The mill houses may have been better than the rural hovels, but the conditions for the first Shankill residents were atrocious most houses were condemned within 20 years of being built. However, the rate of building could not keep pace with the influx of people. This, combined with the low wages resulted in as many as three families living in one house six to eight people would be found loving I one room alone. By 1890, much of the Shankill had been built and housing was appearing in the woodvale area. In 1892 the Woodvale park was opened. Its role was to give the tightly packed community of the greater Shankill some open space( most houses had no gardens) and an area in which to engage in sports and other activities. Engineering and shipbuilding were the industrial growth areas over the turn of the century. Most of Shankill's second generation found employment making linen machinery in Mackie's Engineering Works or in the shipyards where many had a role in the construction of the Titanic.

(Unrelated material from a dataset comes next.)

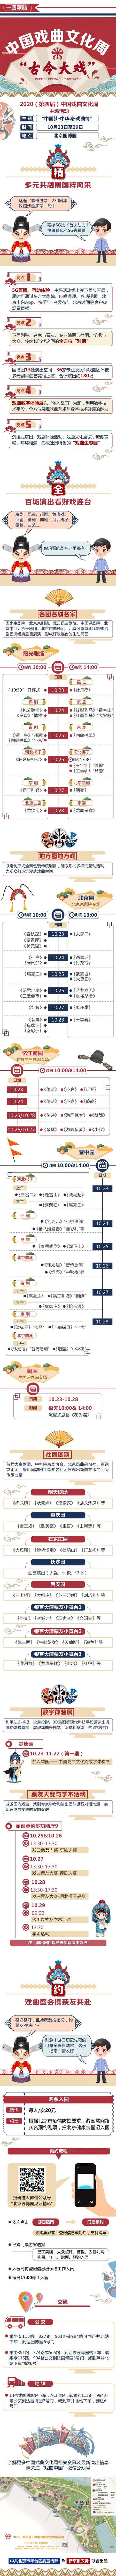 5G版中国戏曲文化周首秀亮相园博园,看古今碰撞出哪些奇妙火花图片

In the second decade of the 20th Century, hundreds of Shankill Road men joined the old Ulster Volunteer Force, determined to resist Home Rule. During 1912, Unionist objection to the 3rd Home Rule Bill translated into the signing of The Covenant, a document stating the people's opposition to this proposal. On 28th September, 471,414 people including 234,046 women, signed the petition some in their own blood in over 500 venues across Ulster. This day became known as Ulster Day and a mural depicting this event can be seen on the Shankill. With the beginning of the First World War, the men of the old Ulster Volunteer Force joined the 36th Ulster Division of the British Army as the West Belfast 9th Battalion Royal Irish Rangers, and at 7.30am on 1st July 1916, they went over the top of the trenches in the Battle of the Somme. Almost an entire generation of Shankill men was killed, and tragedy touched virtually every household. Out of the 760 men who fought in the regiment, only 76 returned.

Unemployment grew dramatically in the Great Depression of the 30's. No welfare benefits existed and to combat this the Government introduced Outdoor Relief. The result of this was degrading work and means testing. In October 1932, for the first and only time, the people of the Shankill and the Falls fought together in opposition to the Stormont Government during the Hunger Riots. The Shankill did not escape loss on World War Two. Many men lost their lives on foreign battlefields and in 1941, over 100 people died in the Woodvale and in Percy Street during the nigh raids of the Luftwaffe.

Industries such as linen and textiles, shipbuilding and engineering were in serious decline by the 1960's and as a result unemployment began to grow. Redevelopment of the area and the start of the Troubles followed. In the ensuing years, the Shankill population dropped from 76,000 to 26,000.Over a thirty-year period the Greater Shankill and its residents were subjected to numerous bomb explosions and shootings, the most horrific being what is now known as the Shankill Bomb. On the 23rd October 1993, the Shankill suddenly became a scene of carnage and despair when a bomb went off in Frizzells Fish Shop. Ten people were killed including one of the bombers.